11. The method of claim 9, further comprising scanning the plurality of cloud-based machines to identify the portion of the plurality of cloud-based machines executing the software application.
12. The method of claim 11, the scanning comprising comparing the cryptographic hash of the pre-remediation version of the first file to a hash of a current version of the first file at a second cloud-based machine of the plurality of cloud-based machines.
13. The method of claim 9, further comprising:
accessing second vulnerability data, the second vulnerability data describing a second software application executed by a second portion of the plurality of cloud-based machines and a remedial change to the second software application;
determining that an existing correction script is executable to implement the remedial change to the second software application; and
executing the existing correction script at the second portion of the plurality of cloud-based machines to implement the remedial change to the second software application.
14. The method of claim 9, the remedial change comprising replacing the pre-remediation version of the first file with a post-remediation version of the first file.
15. The method of claim 9, the remedial change comprising closing a port at the portion of the plurality of cloud-based machines.
16. The method of claim 9, further comprising, before executing the correction script at the portion of the plurality of cloud-based machines:
sending a message indicating the correction script to an administrative user; and
receiving from the administrative user and approval of the correction script.
17. A non-transitory machine-readable medium comprising instructions thereon that, when executed by at least one processor, cause the at least one processor to perform operations comprising:
accessing vulnerability data, the vulnerability data describing a software application executed by a portion of a plurality of cloud-based machines and a remedial change to the software application;
accessing a pre-remediation version of a first file of the software application from a first cloud-based machine of the portion of the plurality of cloud-based machines;
generating a cryptographic hash of the pre-remediation version of the first file;
using the vulnerability data, executing a trained computerized model to generate a correction script, the correction script being executable to implement the remedial change to the software application; and
executing the correction script at the portion of the plurality of cloud-based machines to implement the remedial change to the software application.

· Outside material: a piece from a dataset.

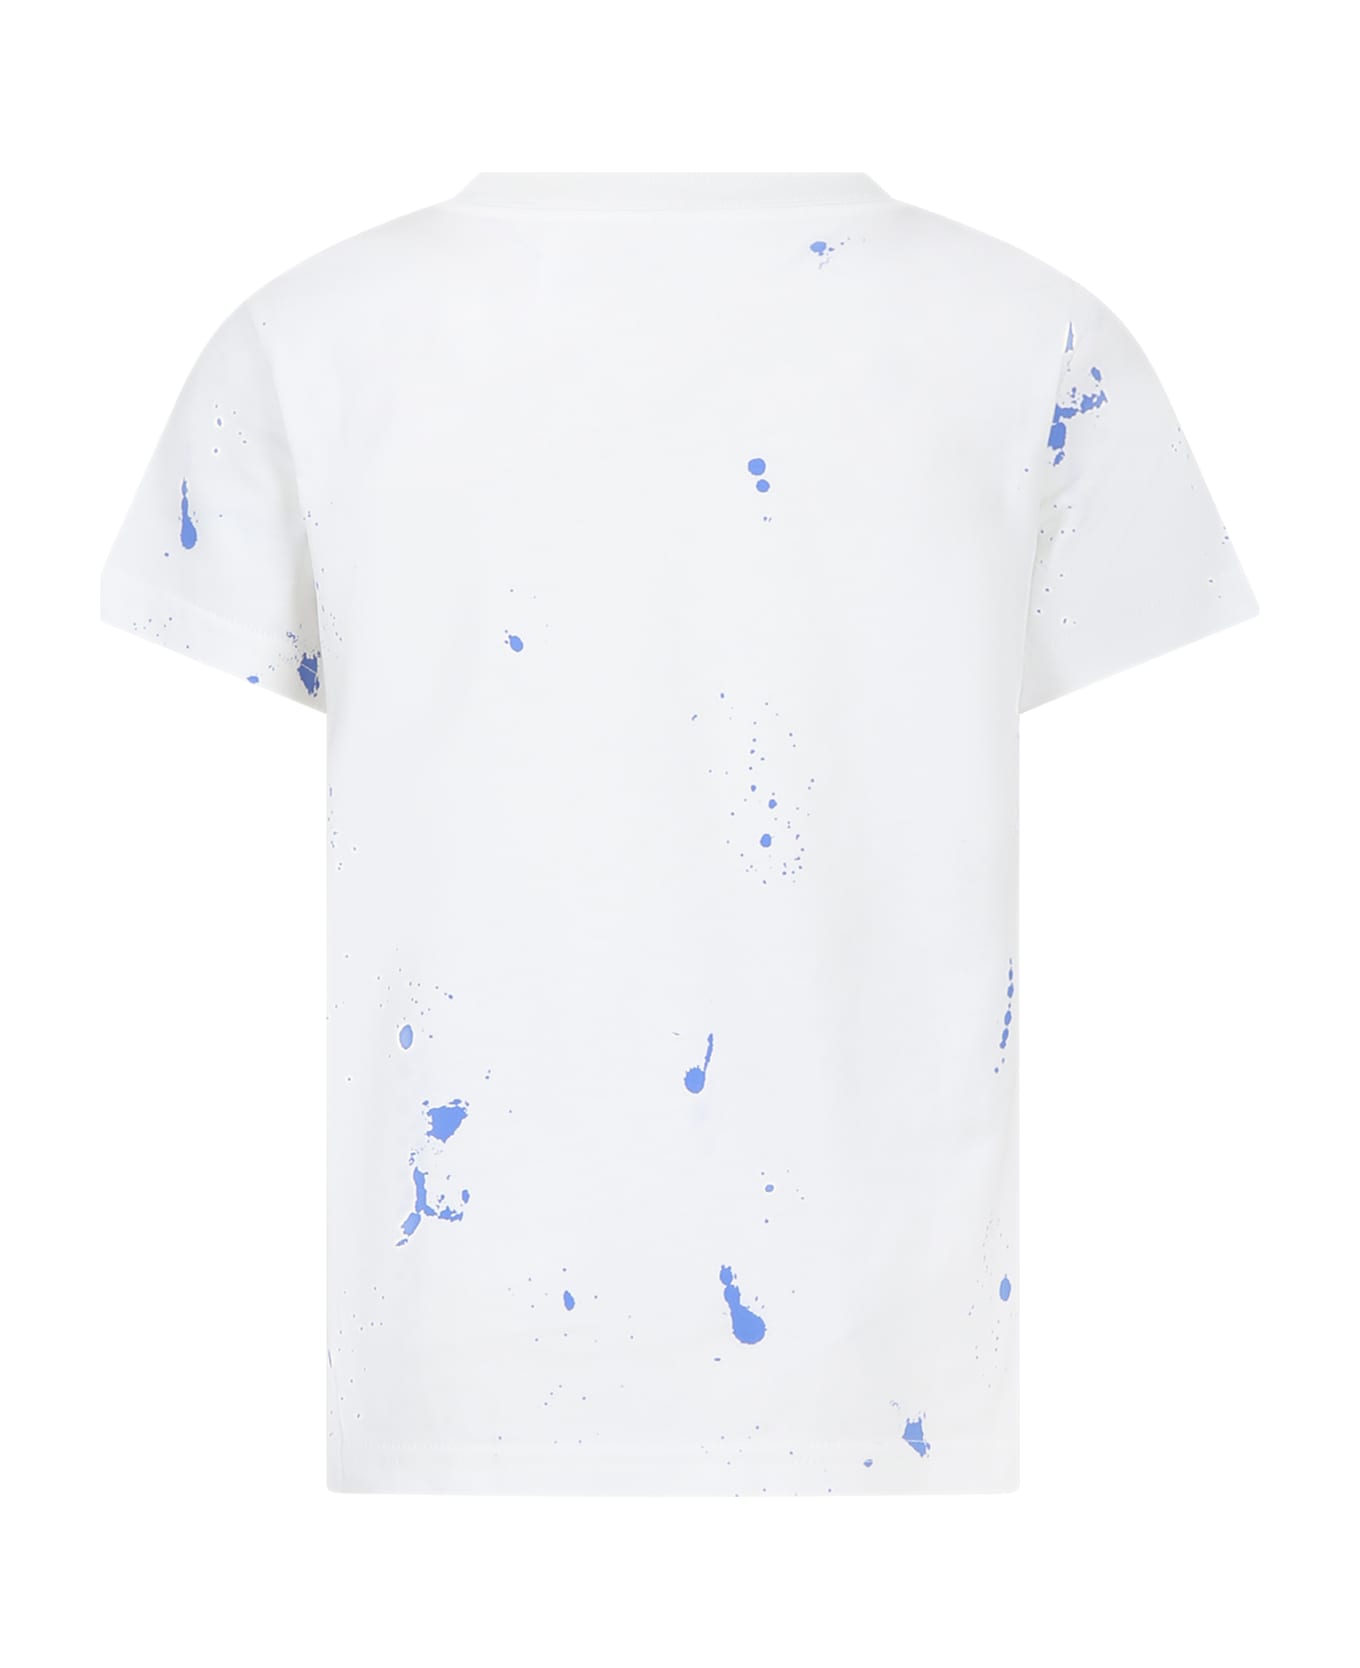 Ralph Lauren White T-shirt For Boy With Polo Bear - White

18. The non-transitory machine-readable medium of claim 17, the operations further comprising:
after executing the correction script at the first cloud-based machine, accessing a post-remediation version of the first file from the first cloud-based machine;
generating a cryptographic hash of the post-remediation version of the first file;
comparing the cryptographic hash of the post-remediation version of the first file to the cryptographic hash of the pre-remediation version of the first file;
based on the comparing, determining that the post-remediation version of the first file is different than the pre-remediation version of the first file; and
after determining that the post-remediation version of the first file is different than the pre-remediation version of the first file, executing the correction script at a remainder of the portion of the plurality of cloud-based machines.
19. The non-transitory machine-readable medium of claim 17, the operations further comprising scanning the plurality of cloud-based machines to identify the portion of the plurality of cloud-based machines executing the software application.
20. The non-transitory machine-readable medium of claim 19, the scanning comprising comparing the cryptographic hash of the pre-remediation version of the first file to a hash of a current version of the first file at a second cloud-based machine of the plurality of cloud-based machines.